Gilles Grelet () is a French theorist and former student of the French philosopher François Laruelle. He is the author of books and pamphlets which develop the main tenets of Laruellean non-philosophy. Following years of teaching, he lives as a sailor.

Thought
Grelet's theory of rebellion draws most conspicuously on the work of Guy Lardreau and Christian Jambet, whose 1976 jointly authored book L'Ange marries Lacanian psychoanalysis and Maoism.

Aside from his published writings, Grelet has collaborated with French underground filmmakers Dojo Cinéma.

He co-founded with François Laruelle and Ray Brassier a book collection, Nous, les sans philosophie, published by L'Harmattan, comprising key works by exponents of Laruelle's non-standard matrix of theory (Jacques Fradin, Hugues Choplin, Patrick Fontaine, Patrice Guillamaud...).

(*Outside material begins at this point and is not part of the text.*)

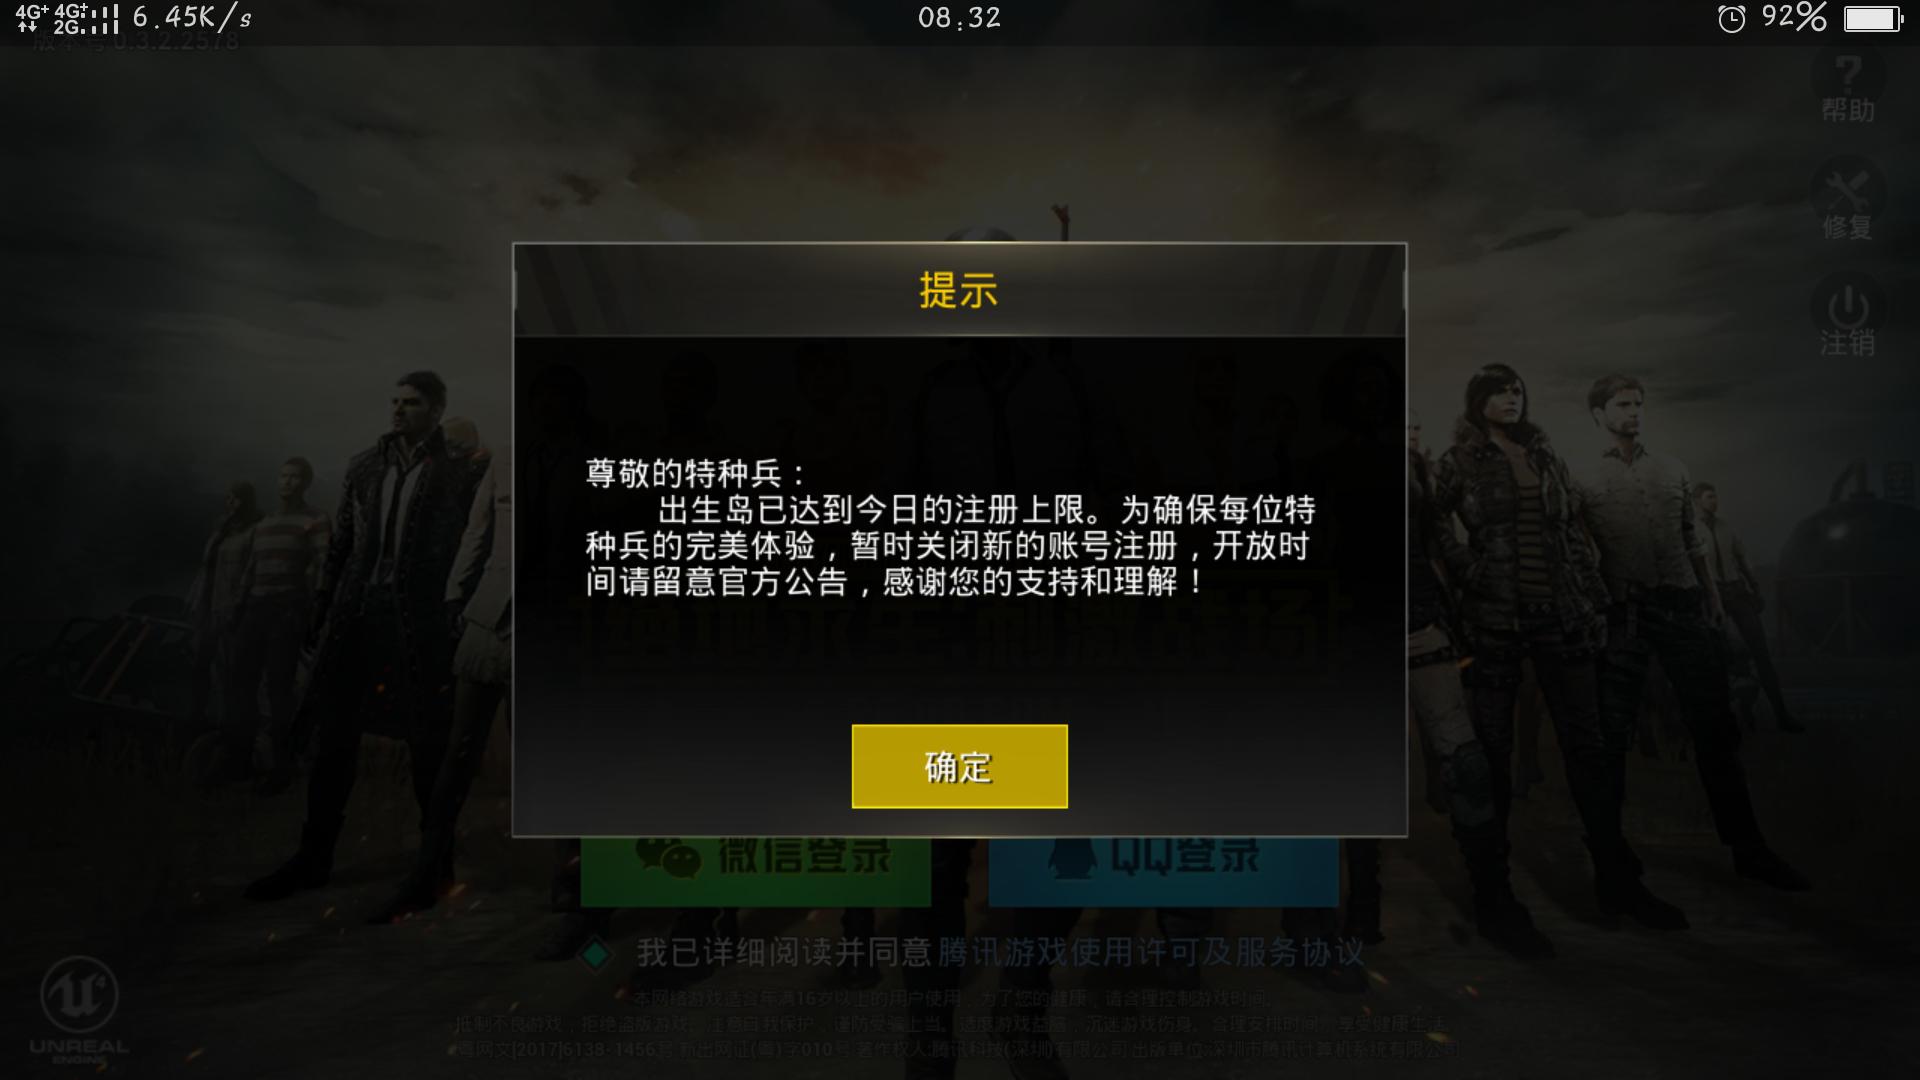 成都线下游戏陪玩服务_网维大师服务器有游戏但是批量添加找不到游戏_游戏服务器

Laruellean scholar Ekin Erkan details the Marxist/political praxis of an amalgam of François Laruelle's students, noting that "[i]t is mirthless to seek a revolutionary ethos in Laruelle – his critique solely provides us with the appropriate tools and [ . . . ] the ethics with which to problematize philosophy. Laruelle’s contemporaries, such as his anarcho-Maoist student, Gilles Grelet, have weaponized Laruelle to radicalize non-philosophy and pose an antiphenomenological practice."

References

Bibliography

Original works 
Déclarer la gnose. D'une guerre qui revient à la culture (Paris: L'Harmattan, 2002).

Co-authored works 
Citations pour le Président Sarkozy, with illustrations by Juan Pérez Agirregoikoa (Montreuil: Editions Matière, 2009).
Le théorisme, méthode de salut public/Faible passion du réel, with illustrations by Juan Pérez Agirregoikoa (Montreuil: Editions Matière, 2006).
Discipline hérétique, with François Laruelle, Danilo de Almeida and Tony Brachet (Paris: Kimé, 1999).

Edited works 
Théorie-rébellion. Un ultimatum (Paris: L'Harmattan, 2005). (Includes contributions from Jason Barker, Ray Brassier, Oliver Feltham and François Laruelle).